Another IDC report estimates that 72.1 million wearables will ship in 2015, up 173.3 percent from 2014. Between 2015 and 2019, wearables will experience a compound annual growth rate of 42.6 percent, IDC predicts.
Here's where things get interesting. The IDC report also estimates that by 2019, worldwide shipments of "smart wearables," including the Apple Watch, will eclipse "basic wearables," defined as any device that doesn't run a third-party app, such as a Fitbit. In 2019, basic wearable shipments will see year-over-year growth of 76 percent, while smart wearable growth will increase by a whopping 683 percent year over year.
Based on studies like the ones cited here, you might conclude that, yes, Apple Watch and other smartwatches will eventually dominate the wearables market. Dedicated activity trackers will still see growth — but for how long?
The recent history of consumer technology offers possible clues. For example, smartphones helped kill, or at least severely limit, demand for basic video camcorders (RIP, Flip!), point-and-shoot digital cameras, portable GPS devices, and low-end MP3 players. Exceptions in each of these categories exist, of course; GoPro has been successful with its mountable action camcorders, and Apple's iPod touch just received a major product refresh. Still, history shows that, in general, consumers tend to prefer one device that does multiple things instead of buying, recharging, and carrying specialized devices.

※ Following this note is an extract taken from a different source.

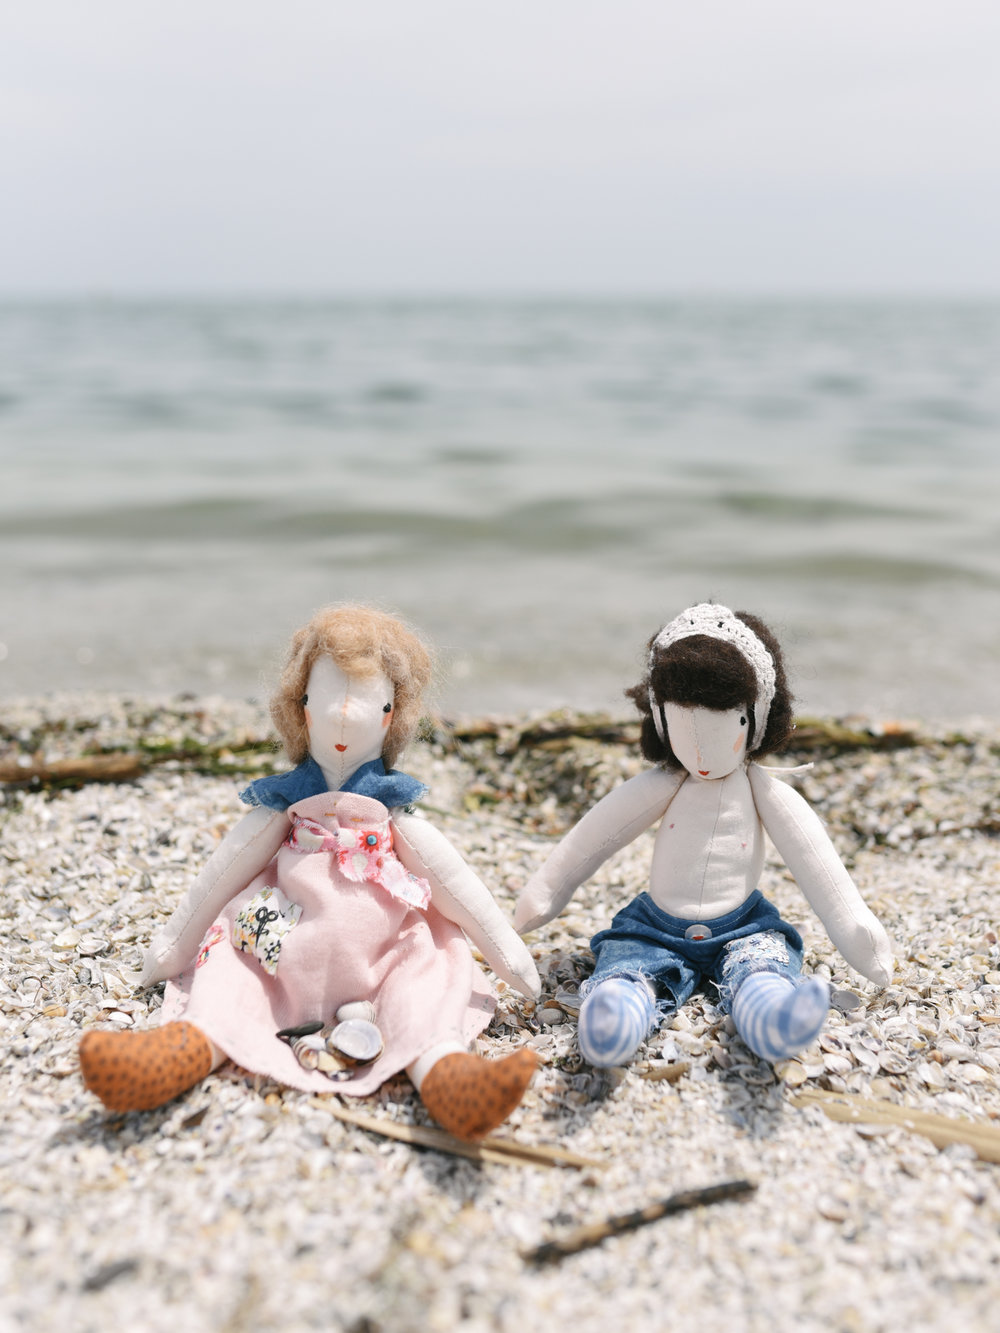 dolls at beach  (1 of 1).jpg

Why a smartwatch might be a better fit than an activity tracker
We contacted 12 consumers who regularly wear an Apple Watch, or a Fitbit or other dedicated activity tracker, and requested feedback. Of those dozen sources, seven voted for the Apple Watch, and five say they prefer dedicated trackers.
Here are six reasons why the majority of sources favor the Apple Watch over fitness trackers.
1) Smartwatches offer more functionality than activity trackers
"One of the best parts about my Apple Watch is it tells me every hour to stand up and move around," says Crystal Stranger, Enrolled Agent (EA) and president of 1st Tax. "I also can leave my phone on silent and my Watch tells me when I have a text or call. These small conveniences really add up in your day and give so much more than just an activity tracker would."
2) Apple Watch is an all-in-one gadget
"Consumers crave all-in-one devices," adds Andrew Tropeano, host of NewsWatch. "When a smartwatch comes out that can replace their activity trackers but also last more than 24 hours, the decline of the activity tracker will begin. But don't expect companies like Fitbit to go down without a fight. Some of the market leaders in the activity space will most likely produce their own versions of a smartwatch that can compete with Apple and Samsung."